According to the manufacturing method of a microfluidic substrate provided by the embodiment of the present disclosure, by designing the resistance of the conductive layer, the uniformity of heating is improved, and the low-temperature edge area of the conductive layer is reduced. As a result, the actual size of the microfluidic chip can be effectively reduced, and the number of reaction chambers per unit area can be increased.

An example is provided below to introduce the manufacturing method of a microfluidic chip provided by the present disclosure. The microfluidic chip 500 may comprise the microfluidic substrate described in any of the foregoing embodiments. Hereinafter, the steps of the method will be briefly described by taking the microfluidic chip 500 comprising the microfluidic substrate 100 as an example.

Step 701: providing a first substrate 101. The first substrate 101 may be made of any suitable material.

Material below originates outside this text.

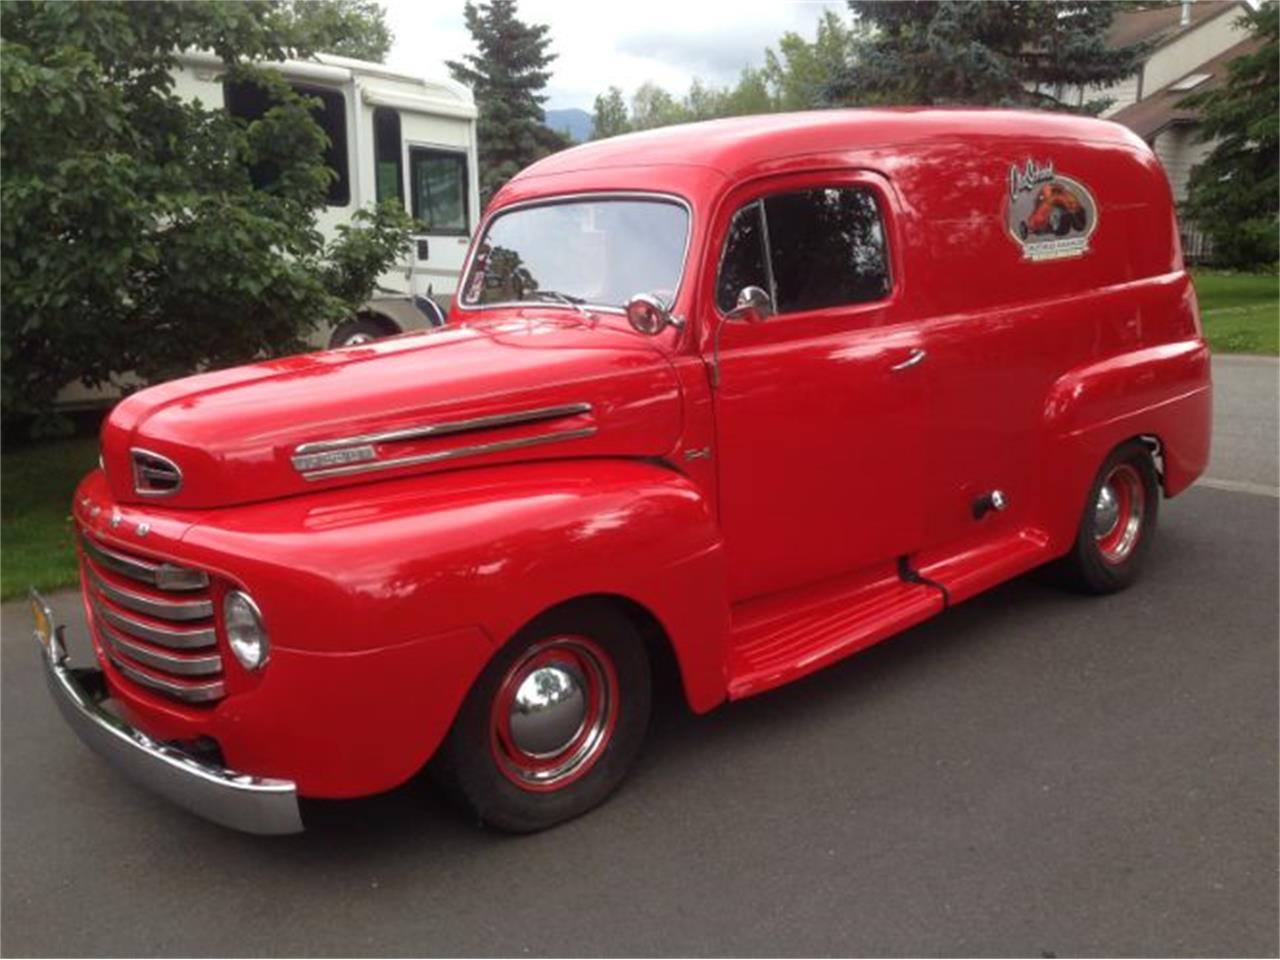 1949 Ford Panel Truck For Sale Classiccarscom Cc 1126874

In an example, the first substrate 101 is made of glass.

Step 702: forming a conductive film layer on the first substrate 101 at about 240° C. In an example, a molybdenum (Mo) layer with a thickness of 200 Å, an aluminum neodymium (AlNd) layer with a thickness of 3000 Å, and a molybdenum (Mo) layer with a thickness of 800 Å are deposited successively on the first substrate 101 to form a conductive film layer. The conductive film layer is patterned, such as exposure, development, etching, etc., to form a wiring 111.

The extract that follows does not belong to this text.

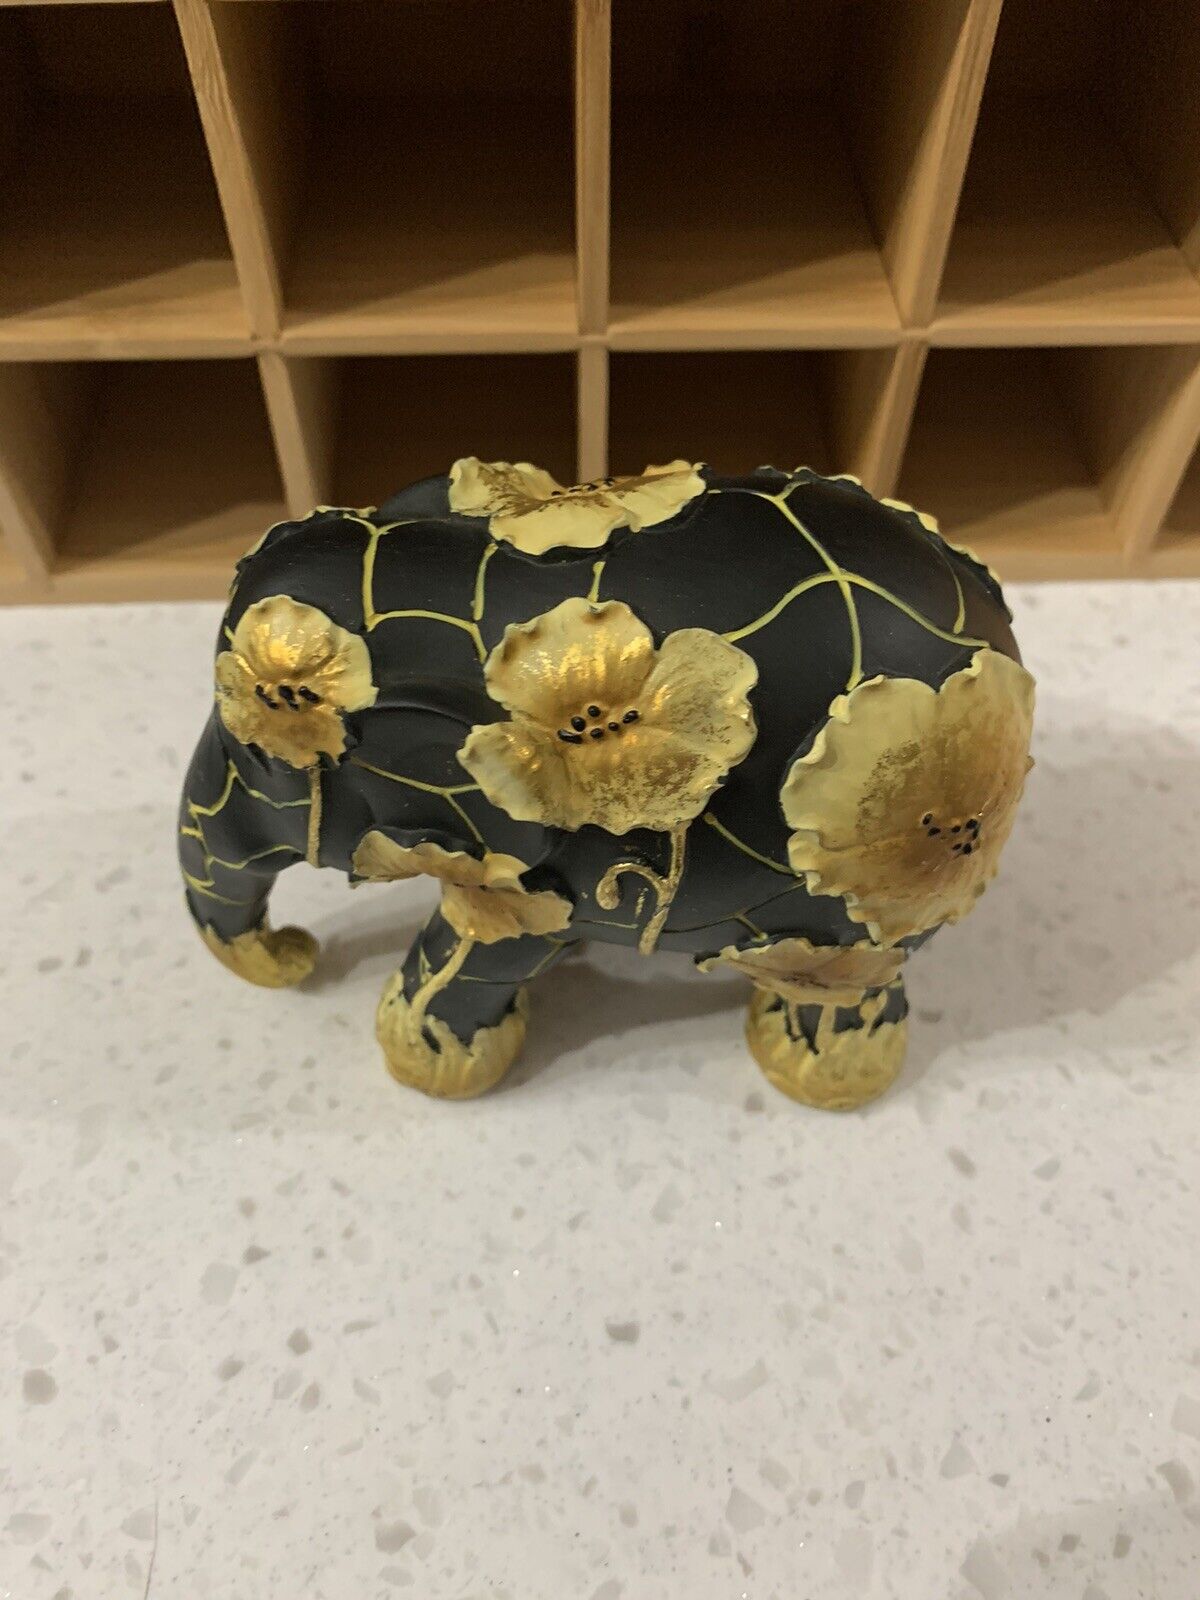 Elephant Parade GOLDEN POPPIES (24602) Limited Edition 1,221 / 10,000, Westland

Step 703: depositing a first insulating film layer 112 on the wiring 111 at about 200° C., and patterning the first insulating film 112 to form a first insulating layer 112 covering the wiring 111. In an example, the first insulating layer 112 is a SiO₂ layer with a thickness of about 3000 Å.

Step 704: patterning the first insulating layer 112 to form at least one through hole 113 penetrating the first insulating layer 112, the at least one through hole 113 exposing a portion of the wiring 111. In an example, the first insulating layer 112 is etched in a dry etching machine to form the through hole 113. The specific process is described as follows: performing etching for 10 seconds under the conditions of a pressure being about 150 mtorr, a power being about 800 w, and a volume flow of O₂ being about 400 sccm (standard cubic centimeter per minute); performing etching for 200 seconds under the conditions of a pressure being about 60 mtorr, a power being about 800 w, and a volume flow ratio of CF₄ to O₂ being about 200:50; performing etching for 30 seconds under the conditions of a pressure being about 130 mtorr, a power being about 800 w, and a volume flow ratio of CF₄ to O₂ being about 400:40; and performing etching for 160 seconds under the conditions of a pressure being about 60 mtorr, a power being about 800 w, and a volume flow ratio of CF₄ to O₂ being about 200:50.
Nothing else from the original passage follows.